Second, even under JAMS Rules, there is not adequate discovery in a FEHA case. JAMS Rule 17 provides for informal exchange of documents and only guarantees a single deposition per side. It is up to the discretion of the arbitrator to allow more.

It is also not clear if an employee has to pay the arbitrator’s fees. The agreement provides: “If applicable law requires Company to pay the Arbitrator’s fees, then Company will pay such fees; otherwise, payment of fees shall be governed by the rules of the organization that administers the arbitration. Where the arbitration is conducted by an organization or arbitrator that does not have rules pertaining to the payment of fees, the Company shall pay the arbitrator’s fees.” [Agreement ¶6(c)]

Applicable law only requires an employer to pay the costs associated with arbitration when the employer imposes mandatory arbitration as a condition of employment. (Armendariz, 24 Cal.4th at 110.) JAMS Rule 31(c), assuming it applies, provides the same: “If an Arbitration is not based on a clause or agreement that is required as a condition of employment, the Parties are jointly and severally liable for the payment of JAMS Arbitration fees and Arbitrator compensation and expenses.” Petitioner has stressed that its arbitration agreement is not a condition of employment because of the opt-out clause. So, it is disingenuous for petitioner to suggest that the employee will not have to pay arbitration fees.

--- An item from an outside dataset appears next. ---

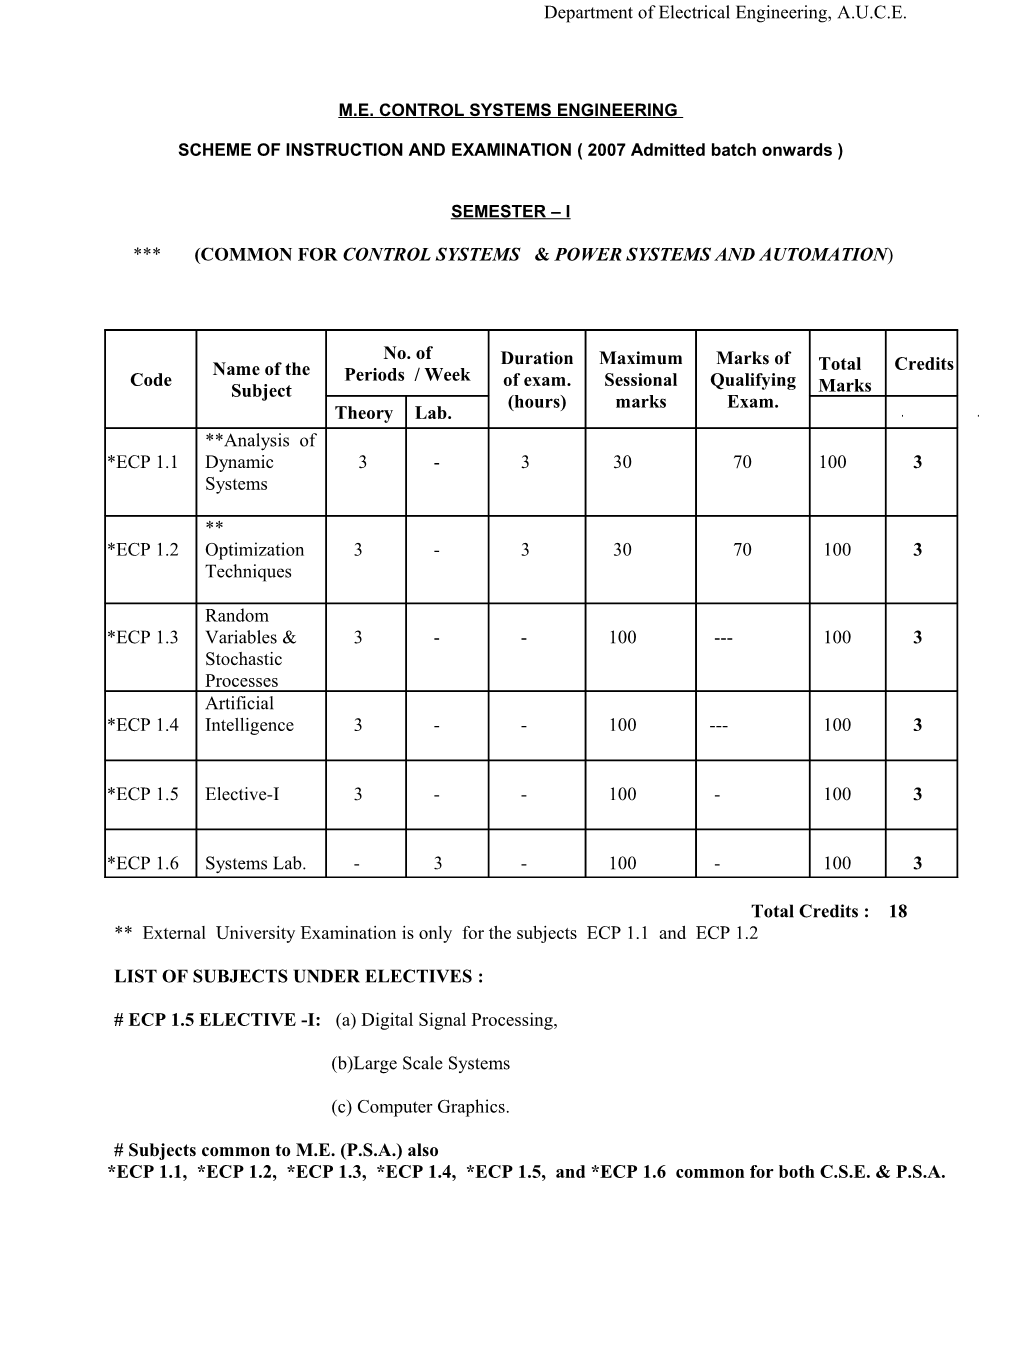 SCHEME of INSTRUCTION and EXAMINATION ( 2007 Admitted Batch Onwards )

c. Conclusion: There is substantial evidence of procedural unconscionability in the manner in which petitioners imposed the arbitration agreement on plaintiff. There is also evidence of substantive unconscionability. The court concludes the parties did not enter into a valid and enforceable arbitration agreement.

5. Order: The court denies the petition of defendants Kmart Corporation and Sears Holdings Management Corporation to compel arbitration and stay action.